BV equivalence with boundary

TL;DR

This paper extends the concept of BV-BFV equivalence to theories with boundaries, demonstrating strict and lax equivalences among various formulations of Yang--Mills, classical mechanics, and gravity, with implications for quantization.

Contribution

It introduces a refined notion of BV-BFV equivalence, distinguishing strict and lax types, and applies this to show equivalences among different formulations of gauge theories and mechanics.

Findings

Strict BV-BFV theories of Yang--Mills are pairwise equivalent.

Lax BV-BFV theories of classical mechanics are equivalent with isomorphic BV cohomologies.

Strict BV-BFV equivalence is a finer classification than lax equivalence.

Abstract

An extension of the notion of classical equivalence of equivalence in the Batalin--(Fradkin)--Vilkovisky (BV) and (BFV) framework for local Lagrangian field theory on manifolds possibly with boundary is discussed.
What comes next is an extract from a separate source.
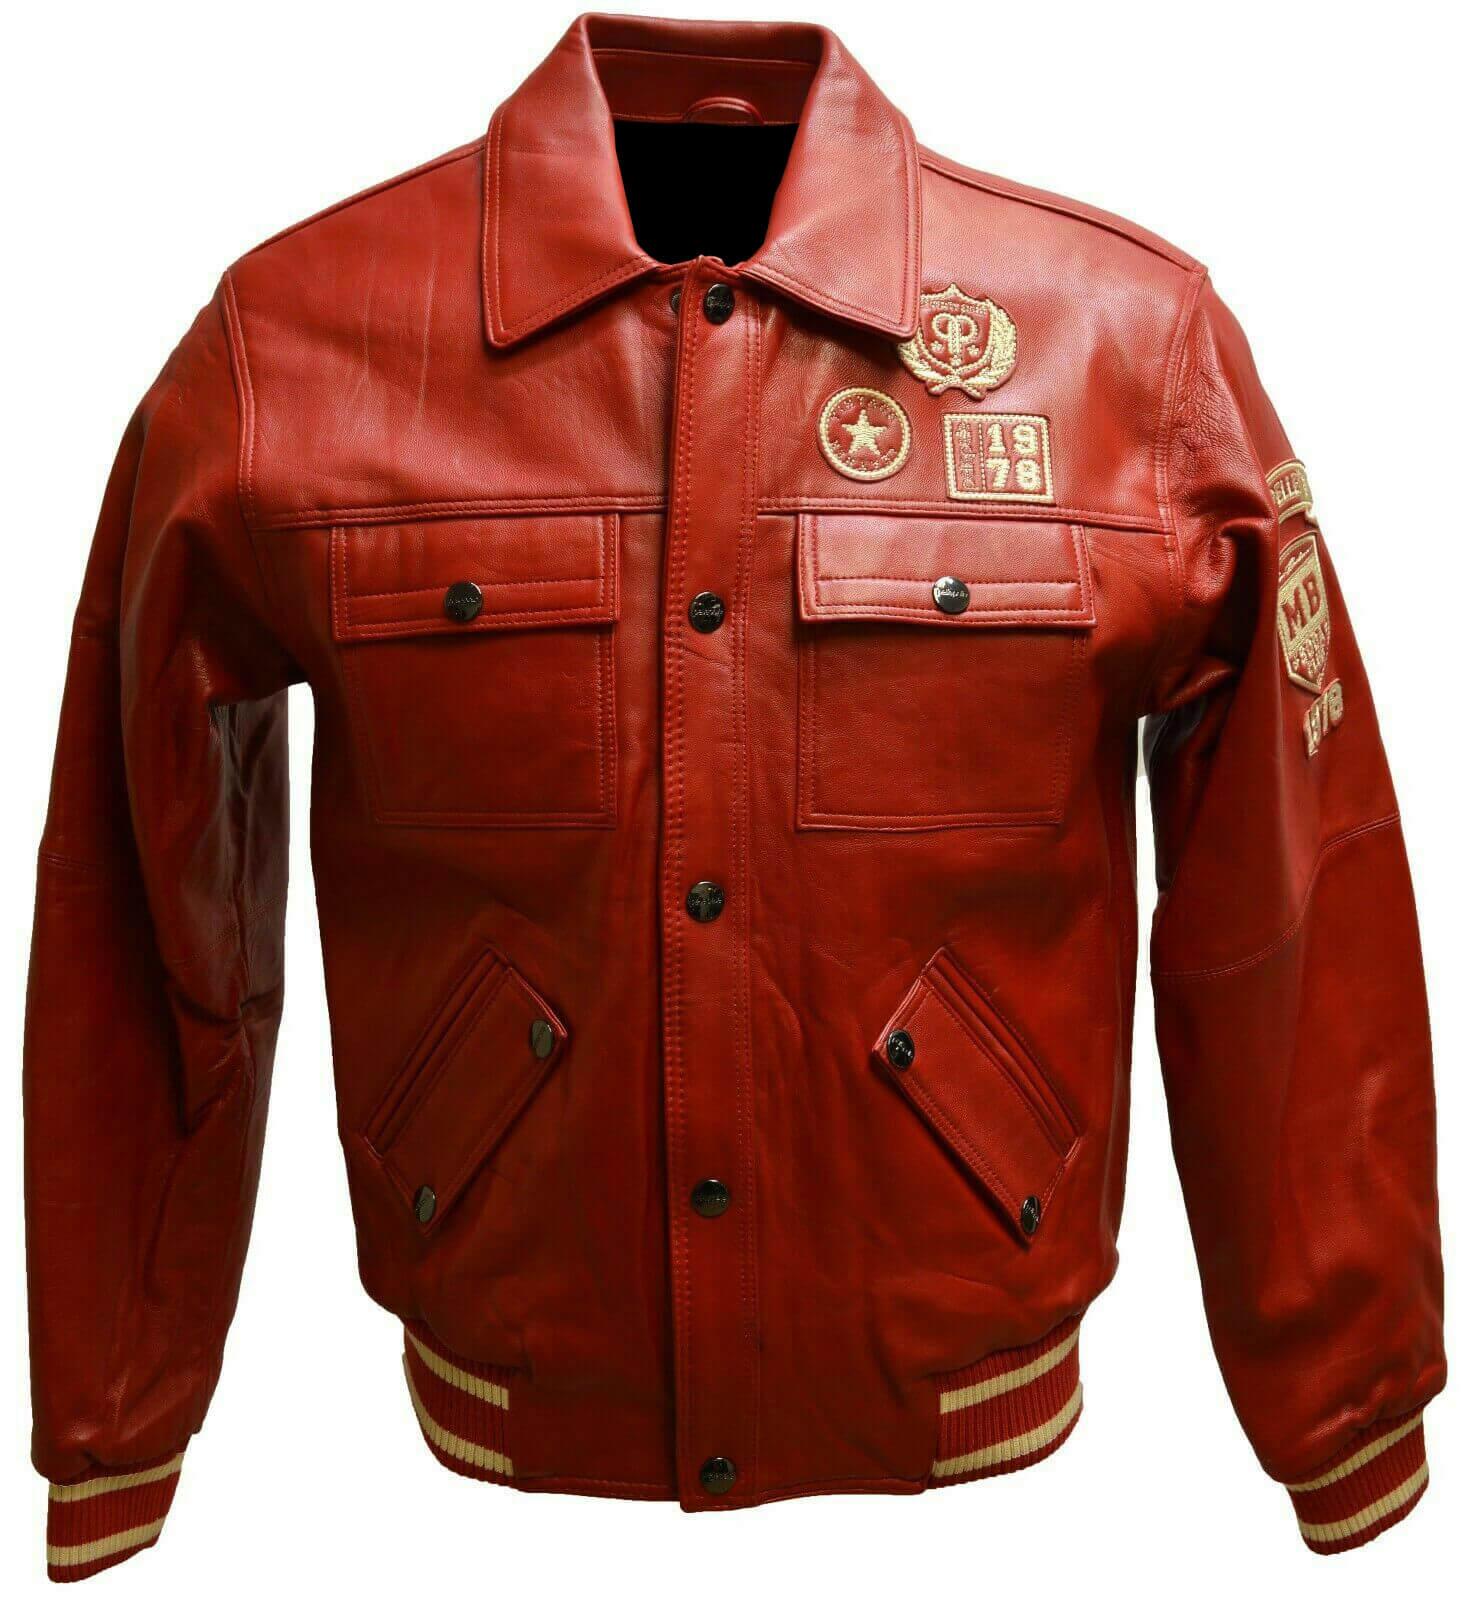 Pelle Pelle Red Marc Buchanan Vintage Leather Jacket
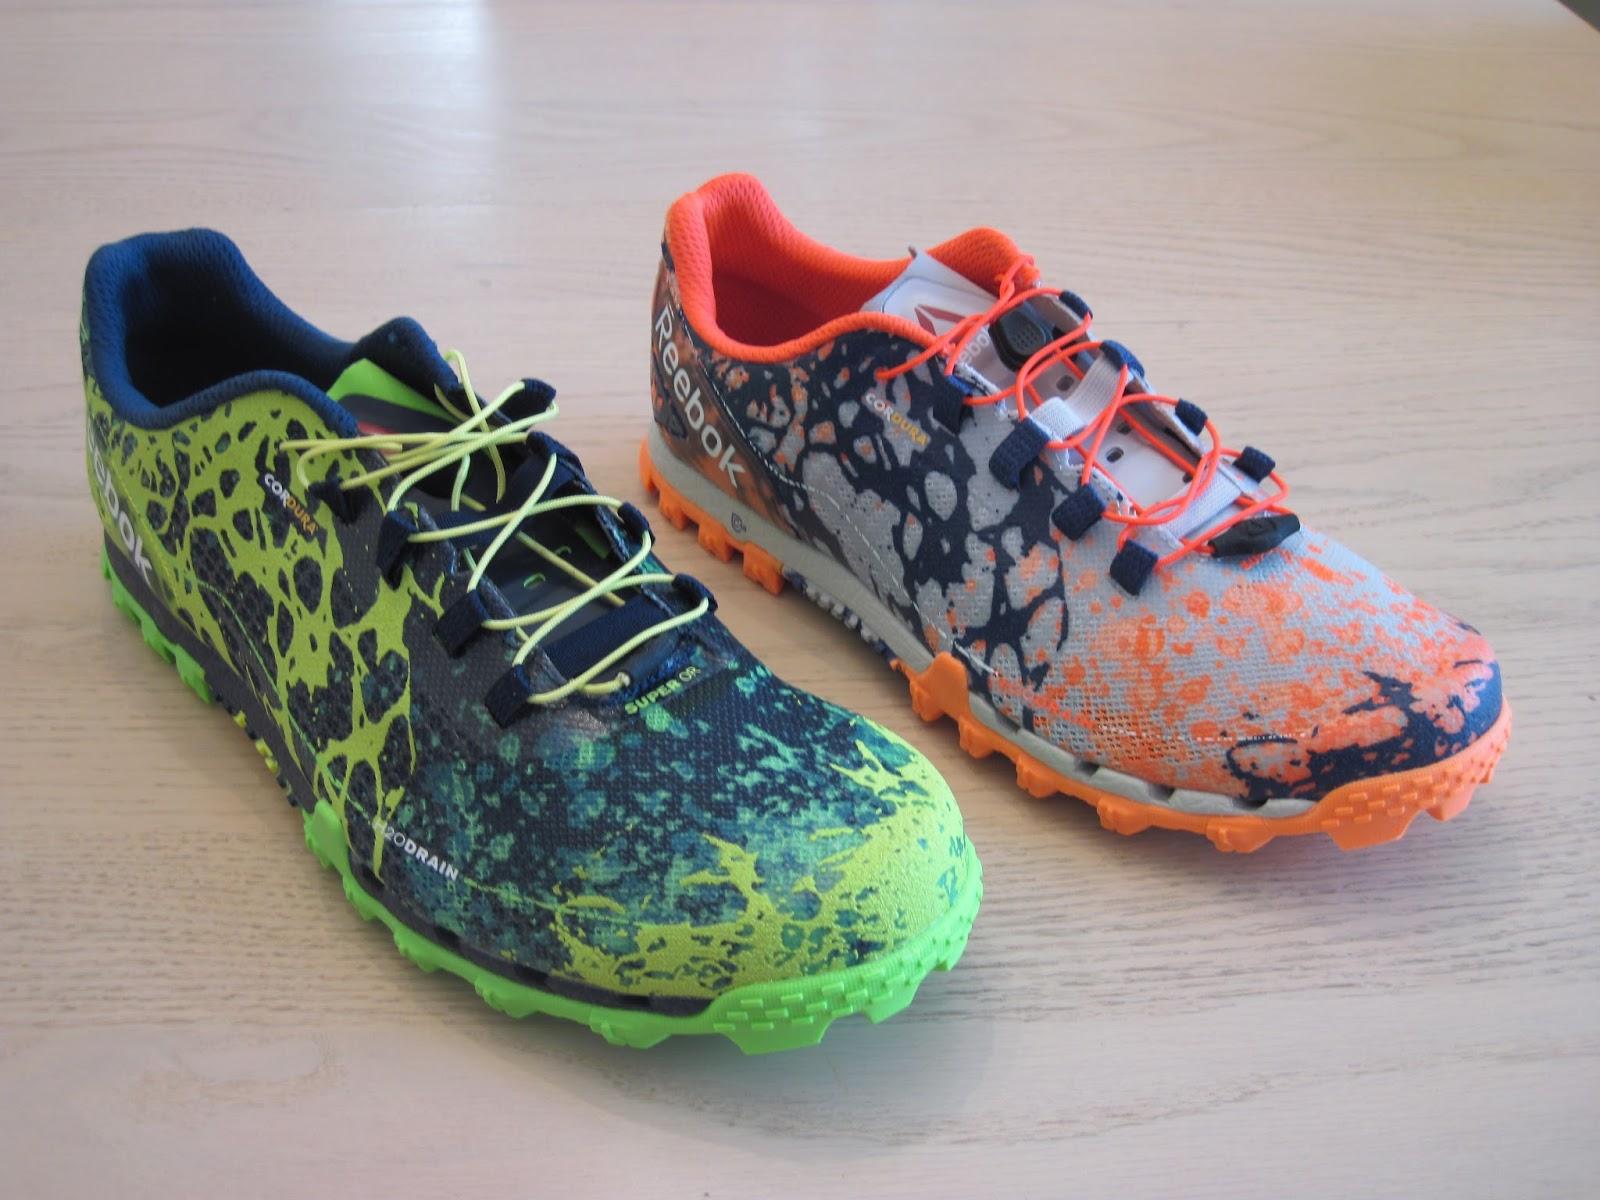 d3172e8b195a4c The MUDMAN Report  GEAR REVIEW  Reebok All-Terrain shoes - Super OR ...

Equivalence is phrased in both a strict and a lax sense, distinguished by the compatibility between the BV data for a field theory and its boundary BFV data, necessary for quantisation. In this context, the first- and second-order formulations of non-Abelian Yang--Mills and of classical mechanics on curved backgrounds, all of which admit a strict BV-BFV description, are shown to be pairwise equivalent as strict BV-BFV theories. This in particular implies that their BV-complexes are quasi-isomorphic. Furthermore, Jacobi theory and one-dimensional gravity coupled with scalar matter are compared as classically-equivalent reparametrisation-invariant versions of classical mechanics, but such that only the latter admits a strict BV-BFV formulation. They are shown to be equivalent as lax BV-BFV theories and to have isomorphic BV cohomologies. This shows that strict BV-BFV equivalence is a strictly finer notion of equivalence of theories.